**ACTIVITY**
With the pictures left out, set down the line containing "Nike Nike Air" and each line after it to the end of the material, exactly as written.

**STORED DATA**
——————————

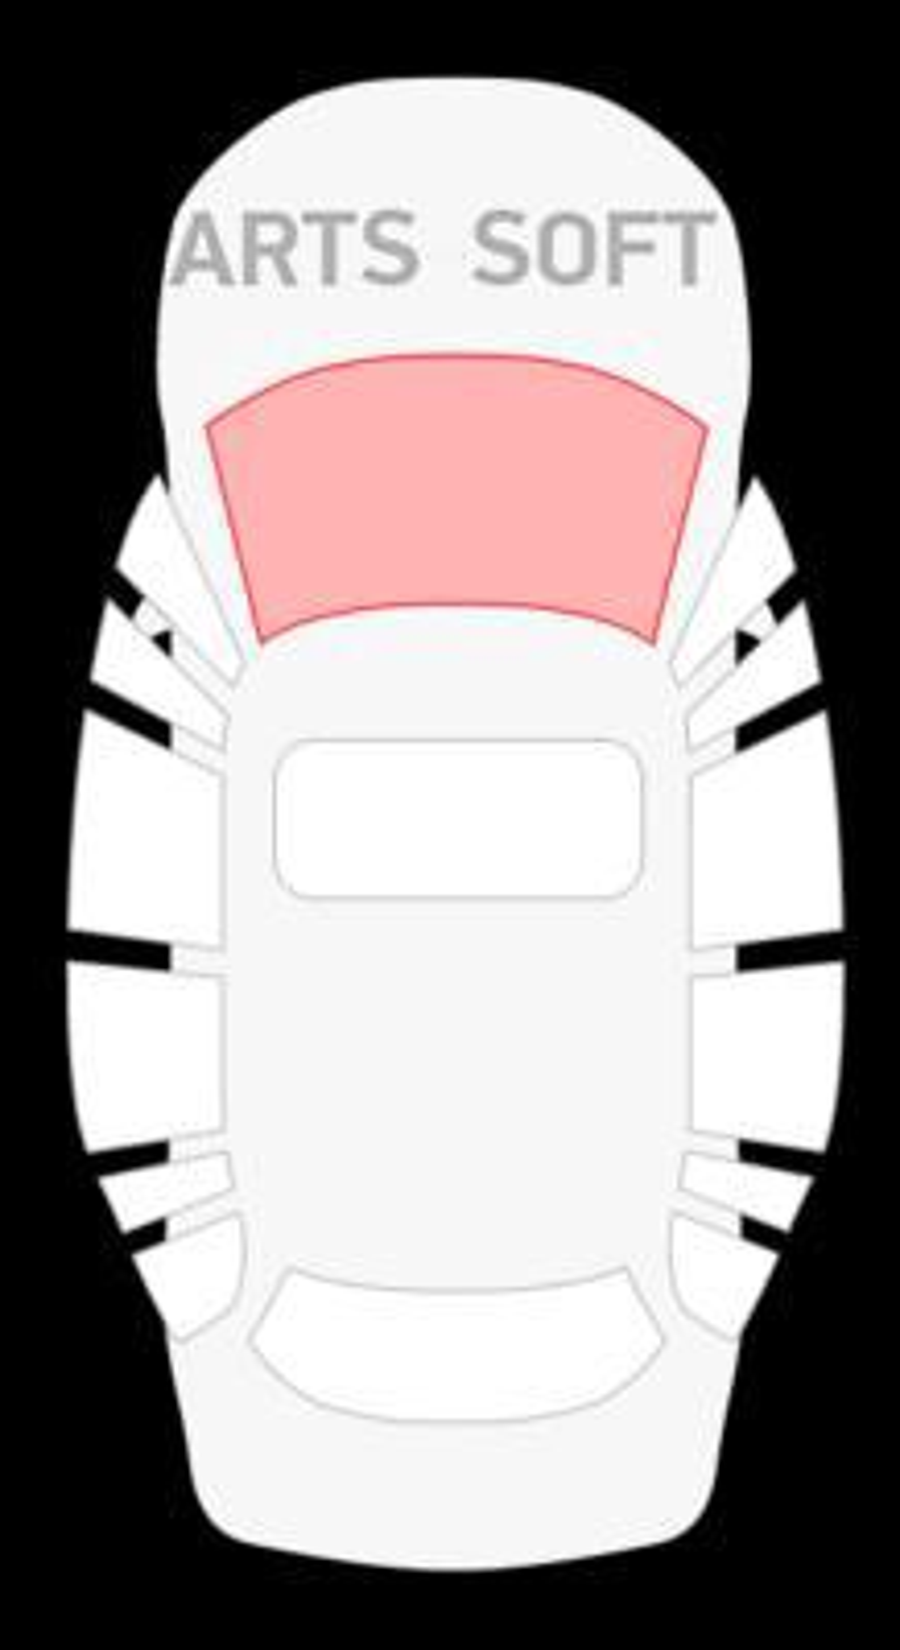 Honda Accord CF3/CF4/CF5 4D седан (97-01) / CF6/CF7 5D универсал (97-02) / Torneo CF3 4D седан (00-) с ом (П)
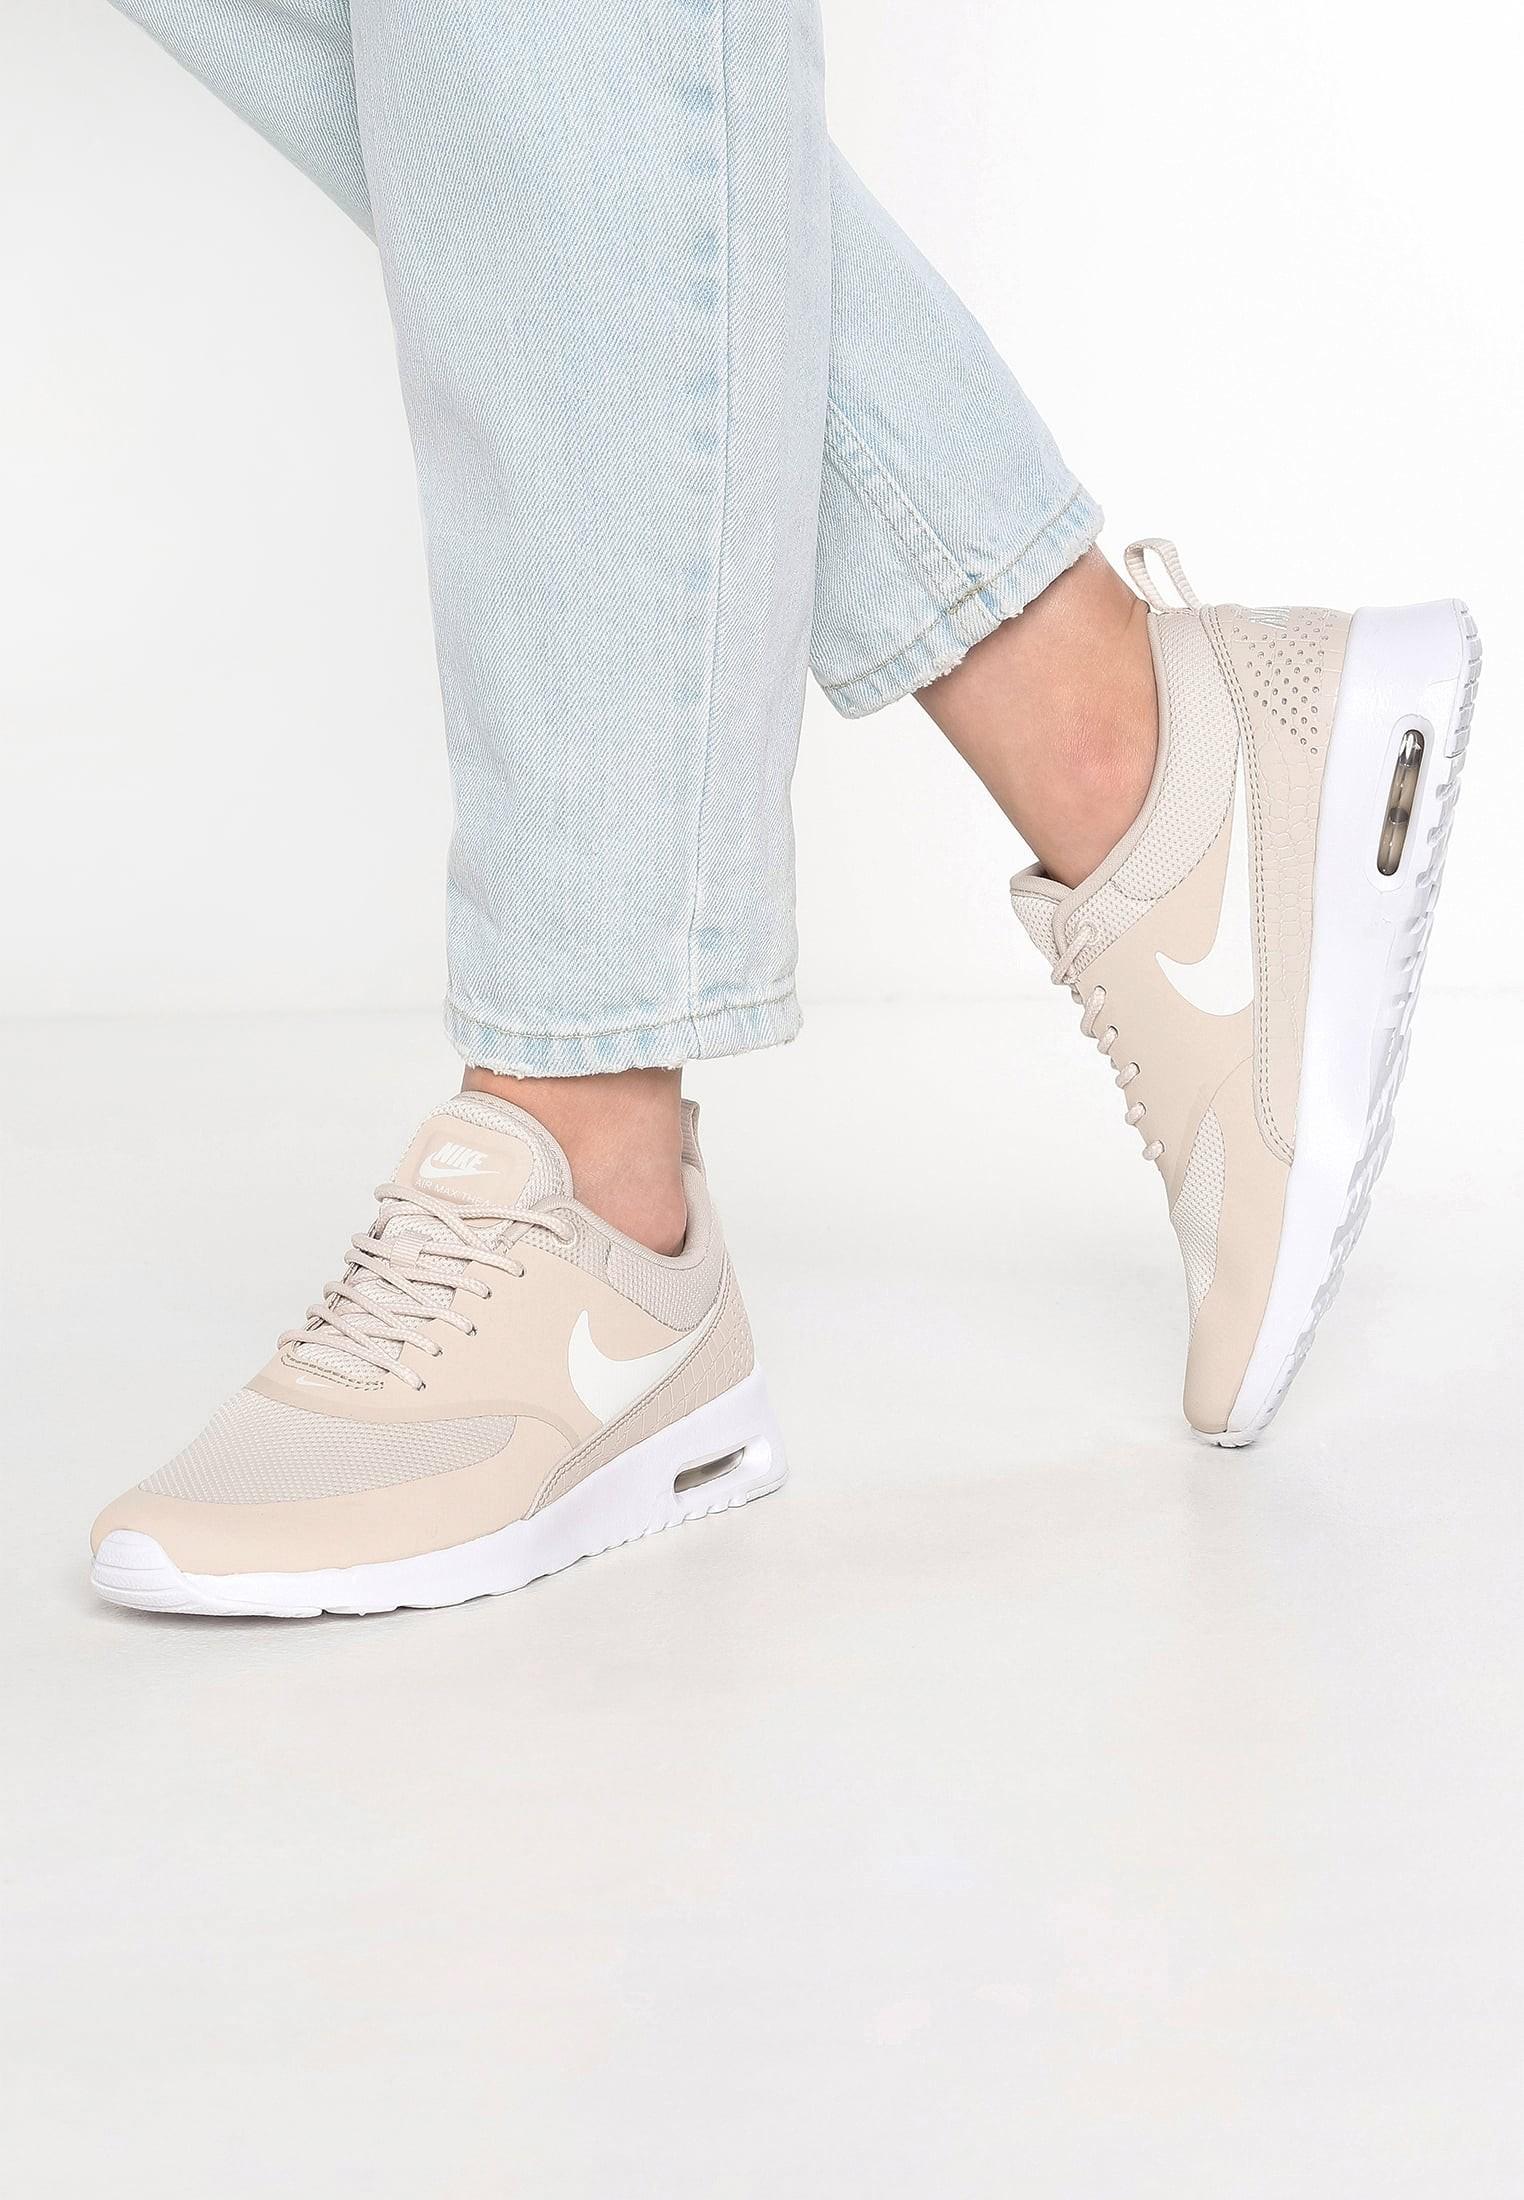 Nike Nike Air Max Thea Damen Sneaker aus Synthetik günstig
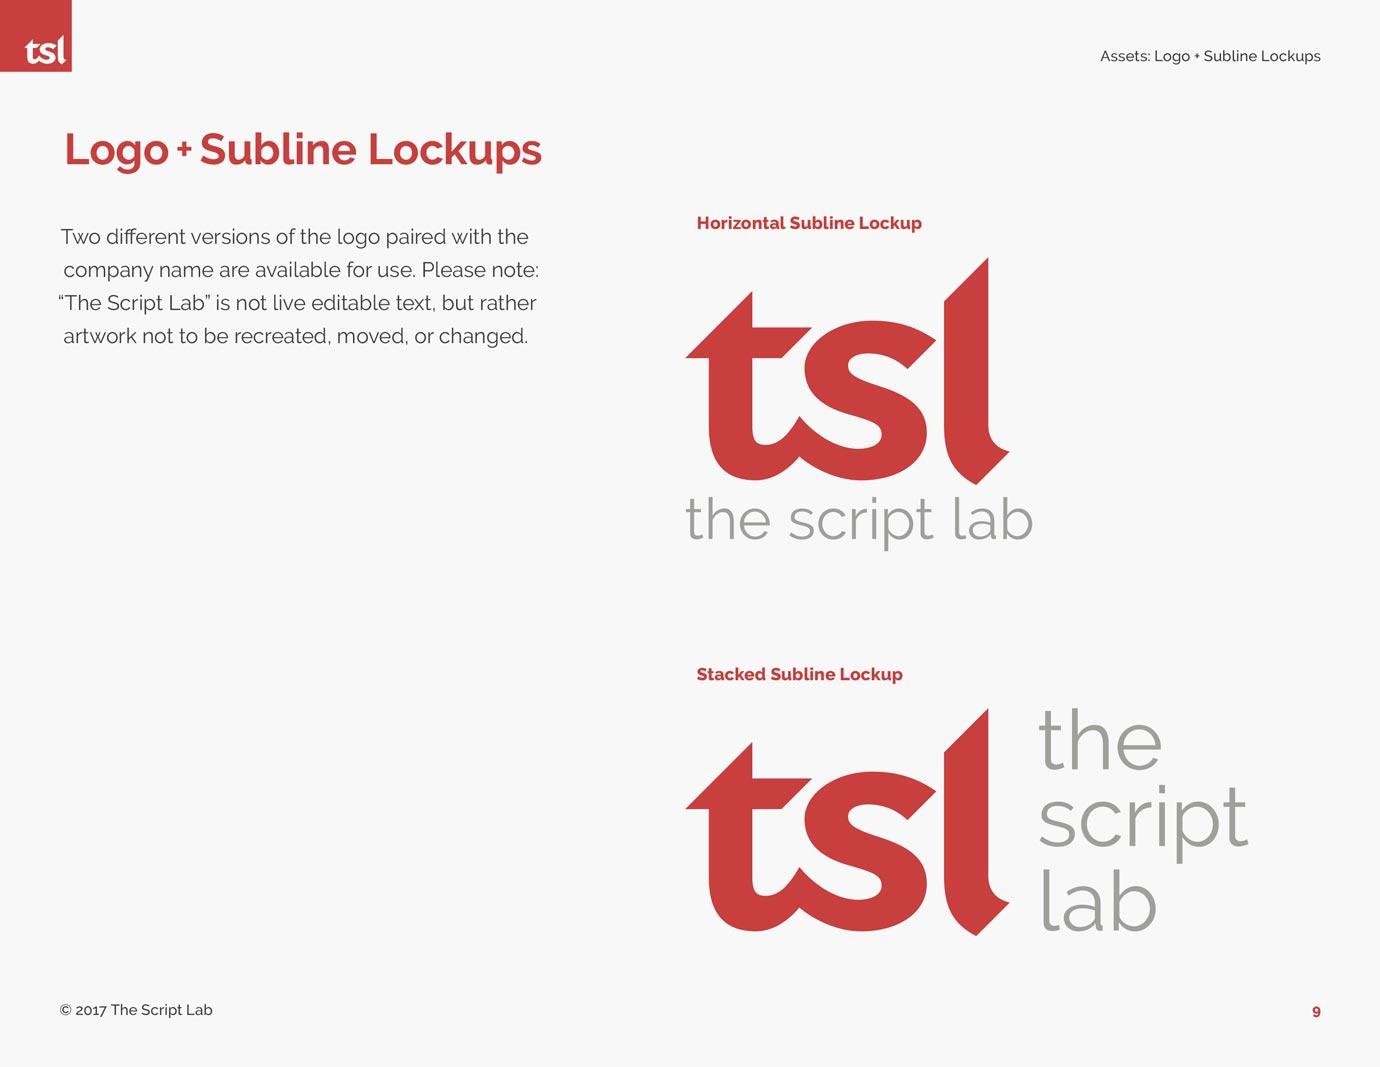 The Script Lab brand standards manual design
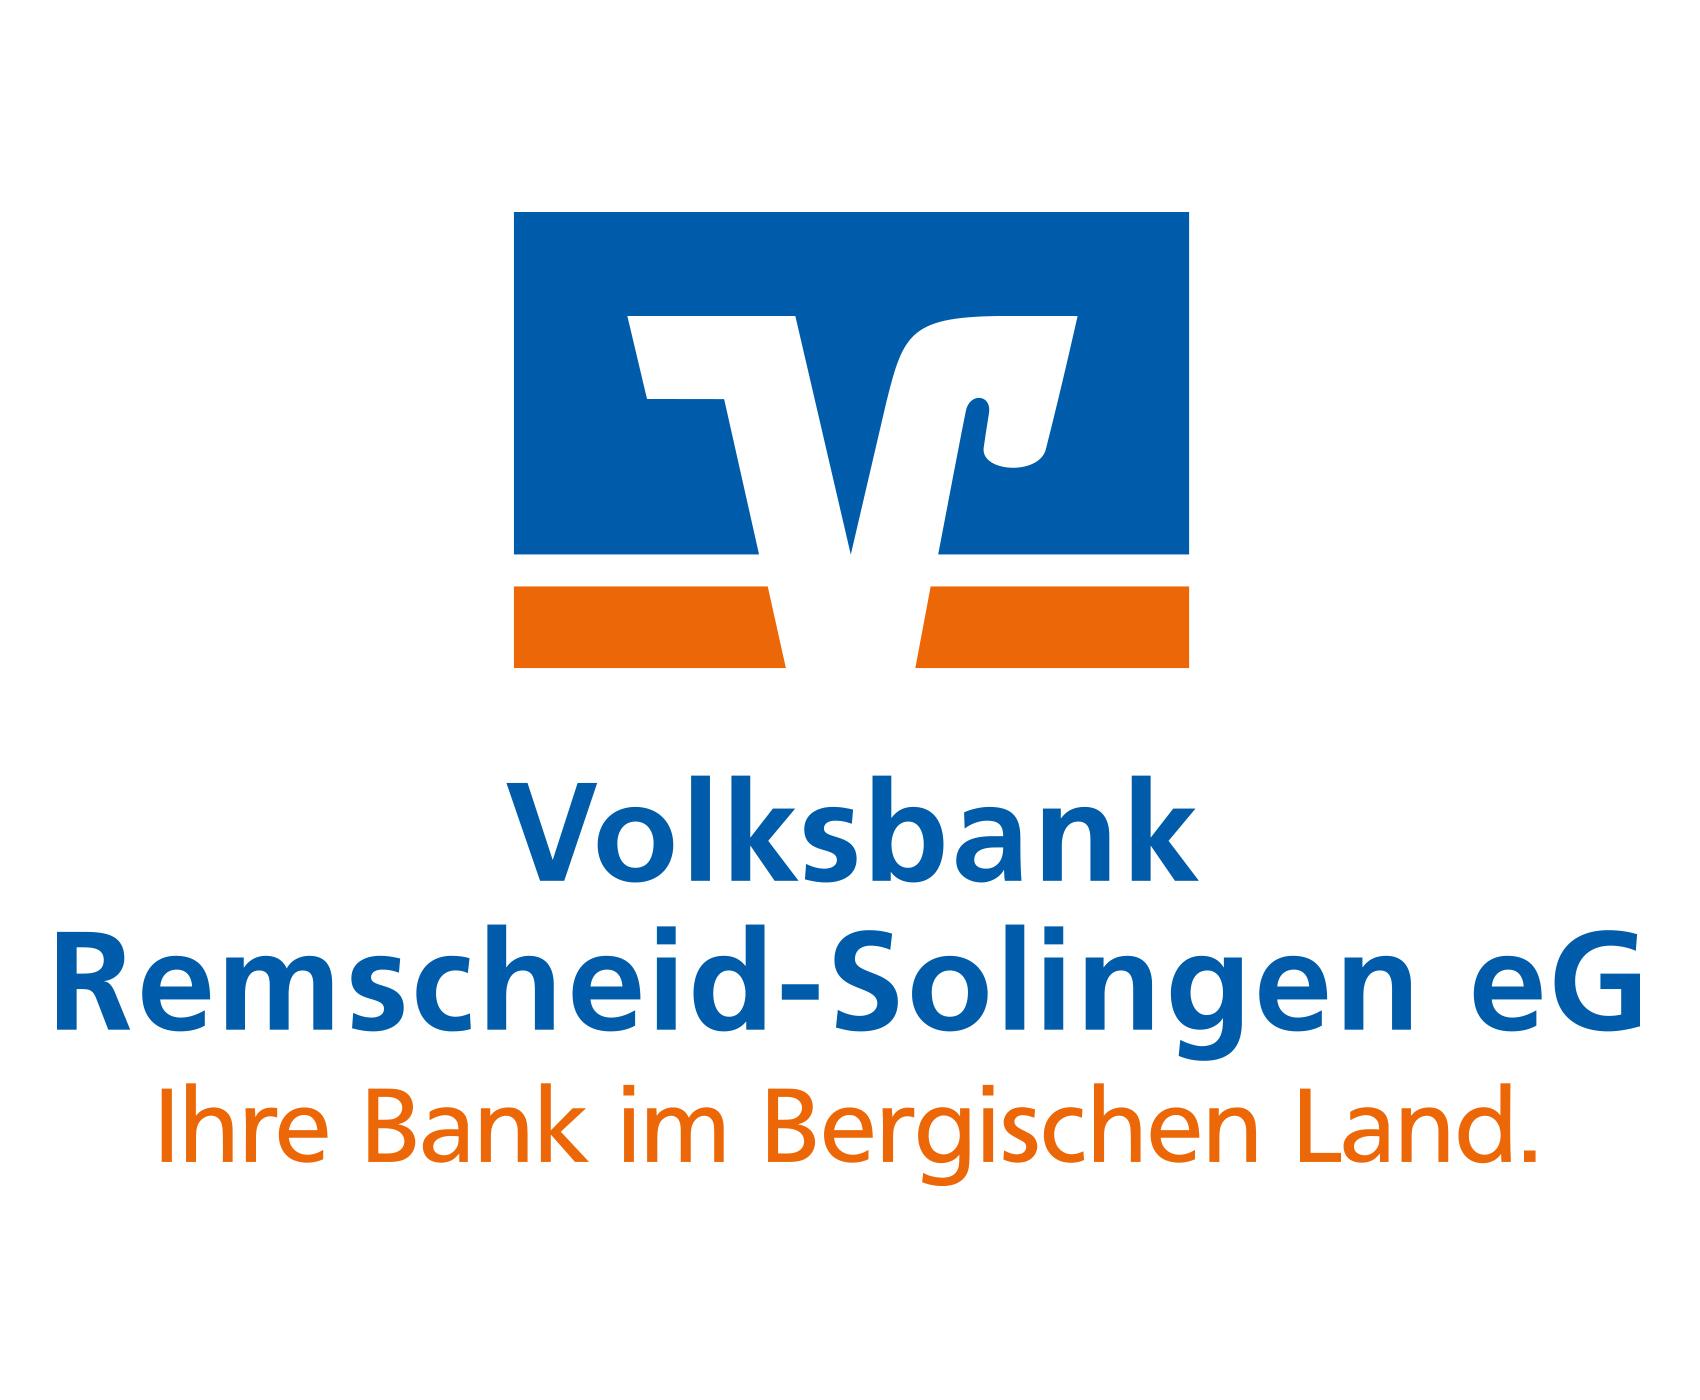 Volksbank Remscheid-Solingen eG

——————————

**ANSWER BOX**
 Nike Nike Air Max Thea Damen Sneaker aus Synthetik günstig
 The Script Lab brand standards manual design
 Volksbank Remscheid-Solingen eG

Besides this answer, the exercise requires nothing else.